Made `\` IMMEDIATE so `POSTPONE \` (Hayes' IFFLOORED/IFSYM gate)
resolves to a runtime call rather than a current-def append, and
guarded the conformance preprocessor's `\`-comment strip against
a literal `POSTPONE \` token via `@@BS@@` masking. Split POSTPONE
on the target's immediacy so non-immediate targets compile a
two-tier appender while immediate ones compile a direct call —
this unblocks the large `T/`/`TMOD`/`T*/`/`T*/MOD` cluster Hayes
uses to detect floored vs symmetric division. `>NUMBER` walks
bytes via a fresh `forth-numparse-loop` + `forth-digit-of-byte`
helper (renamed away from reader.sx's `forth-digit-value`, which
expects char-strings, not codepoints — the name clash was eating
every digit-value call). Implemented `DOES>` by:
1) tracking the last CREATE on `state.last-creator`,
2) adding a `:kind "does-rebind"` op, and
3) post-processing the body in `;` to attach the slice of ops
after each rebind as `:deferred`. At runtime, the rebind op
installs a new body for the target word that pushes its
data-field address and runs the deferred slice. Also added
histogram tracking on the conformance runner so future runs
surface the top missing words. Hayes: 618/638 pass (97%),
14 fail, 6 error (5× GI5 multi-WHILE, 1× dict-set! chunk).

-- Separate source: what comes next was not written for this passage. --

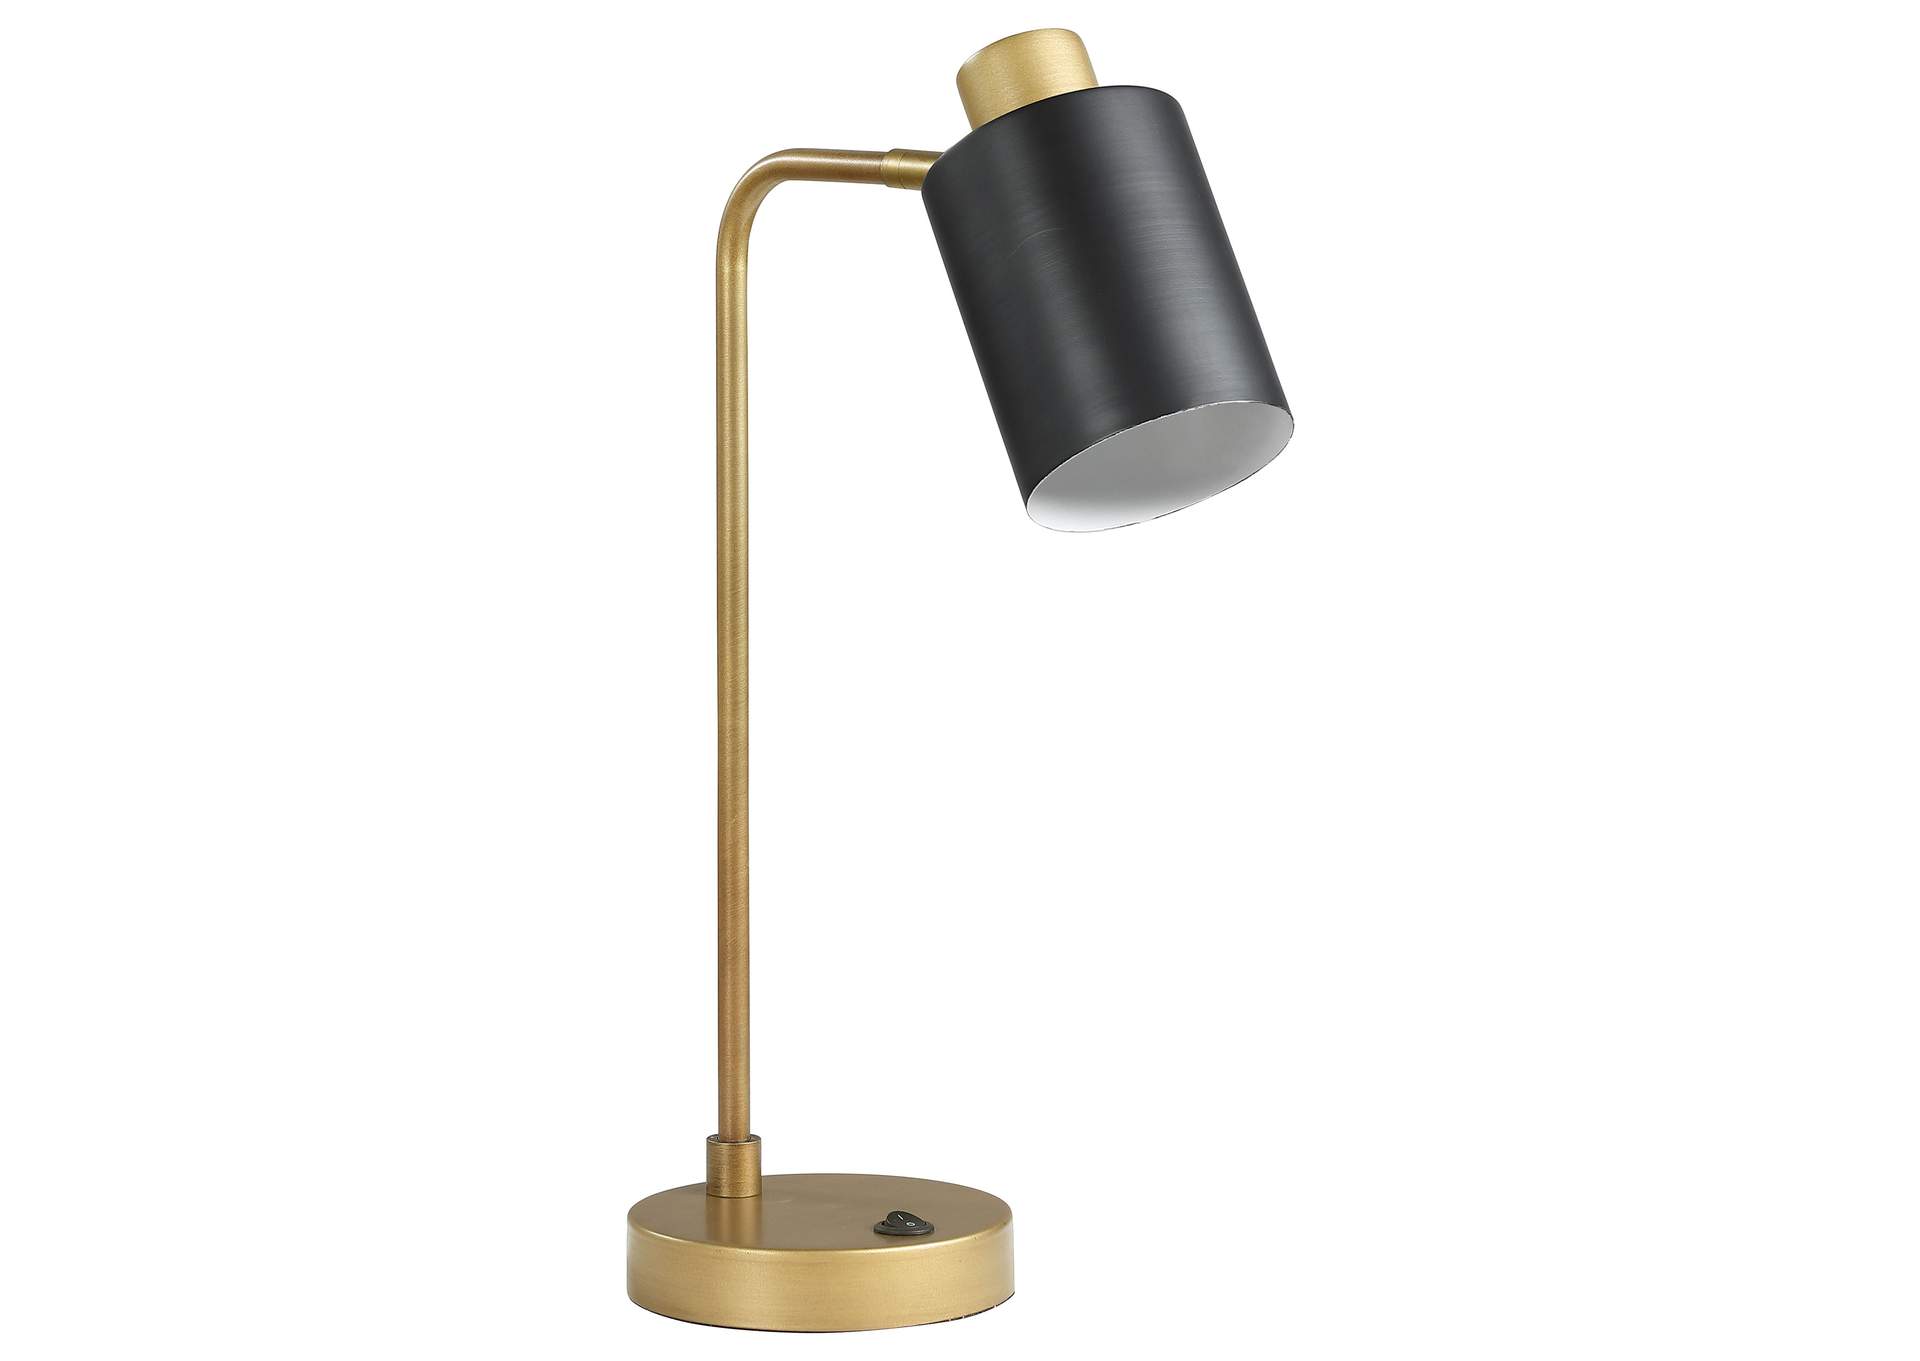 Cherise Adjustable Shade Table Lamp Antique Brass and Matte Black,Coaster Furniture
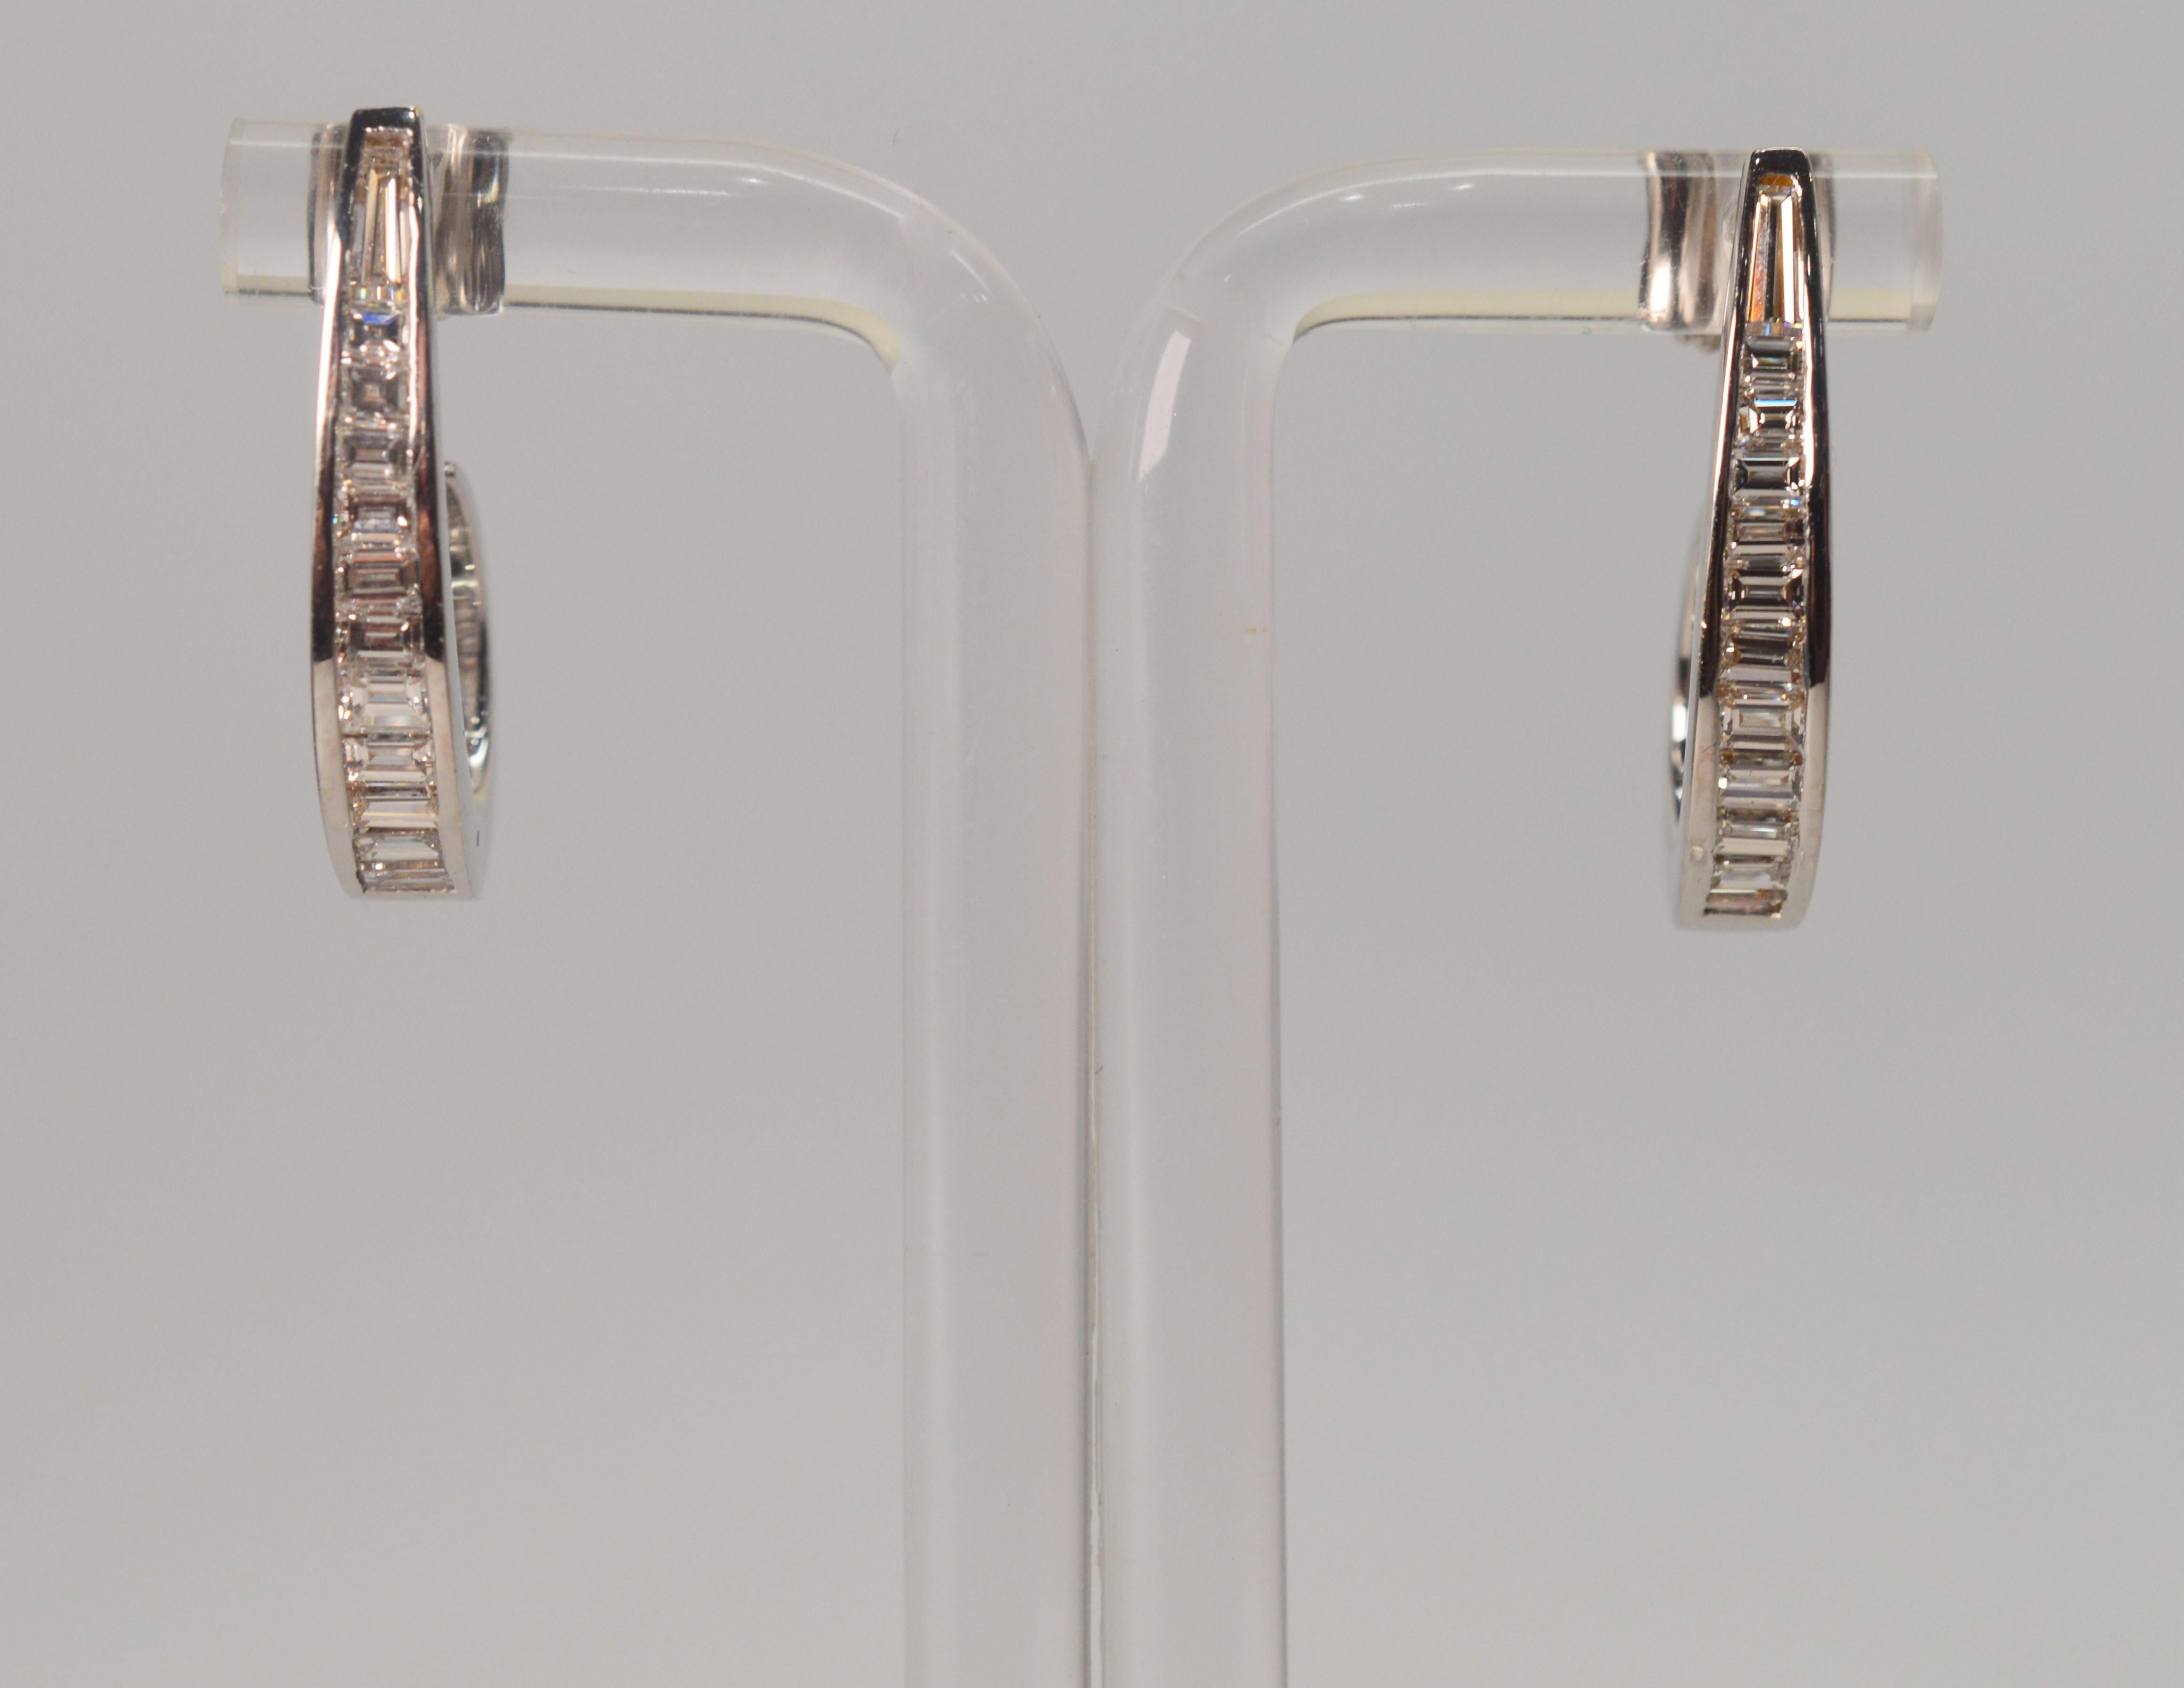 Twenty four diamonds with a total weight of over a half carat are set in a channel on a J hoop of eighteen carat white gold. Outfitted with screw back posts for pieced ears, these earrings measure 3/4 inch from post to bottom.

- **Phase 5 — String word set `COMPARE`/`SEARCH`/`SLITERAL` (+9).**
`COMPARE` walks bytes via the new `forth-compare-bytes-loop`,
returning -1/0/1 with standard prefix semantics (shorter string
compares less than its extension). `SEARCH` scans the haystack
with a helper `forth-search-bytes` and `forth-match-at`, returning
the tail after the first match or the original string with flag=0.
Empty needle returns at offset 0 with flag=-1 per ANS. `SLITERAL`
is IMMEDIATE: pops `(c-addr u)` at compile time, copies the bytes
into a fresh allocation, and emits the two pushes so the compiled
word yields the interned string at runtime.
- **Phase 5 — File Access word set (in-memory backing; +4).**
`OPEN-FILE`/`CREATE-FILE`/`CLOSE-FILE`/`READ-FILE`/`WRITE-FILE`/
`FILE-POSITION`/`FILE-SIZE`/`REPOSITION-FILE`/`DELETE-FILE` plus
the mode constants `R/O`/`R/W`/`W/O`/`BIN`. File handles live on
`state.files` (fileid → {content, pos, path}) with a
`state.by-path` index so `CREATE-FILE`'d files can be
`OPEN-FILE`'d later in the same session. Attempting to
`OPEN-FILE` an unknown path returns `ior != 0`; disk-backed
open/read is not wired because `read-file` isn't in the sx_server
epoch eval environment (it's bound only in the HTTP helpers).
Also removed the stray base-2 `BIN` primitive from Phase 4 —
ANS `BIN` is the file-mode modifier. Hayes Core unchanged at
486/638 since core.fr doesn't exercise file words.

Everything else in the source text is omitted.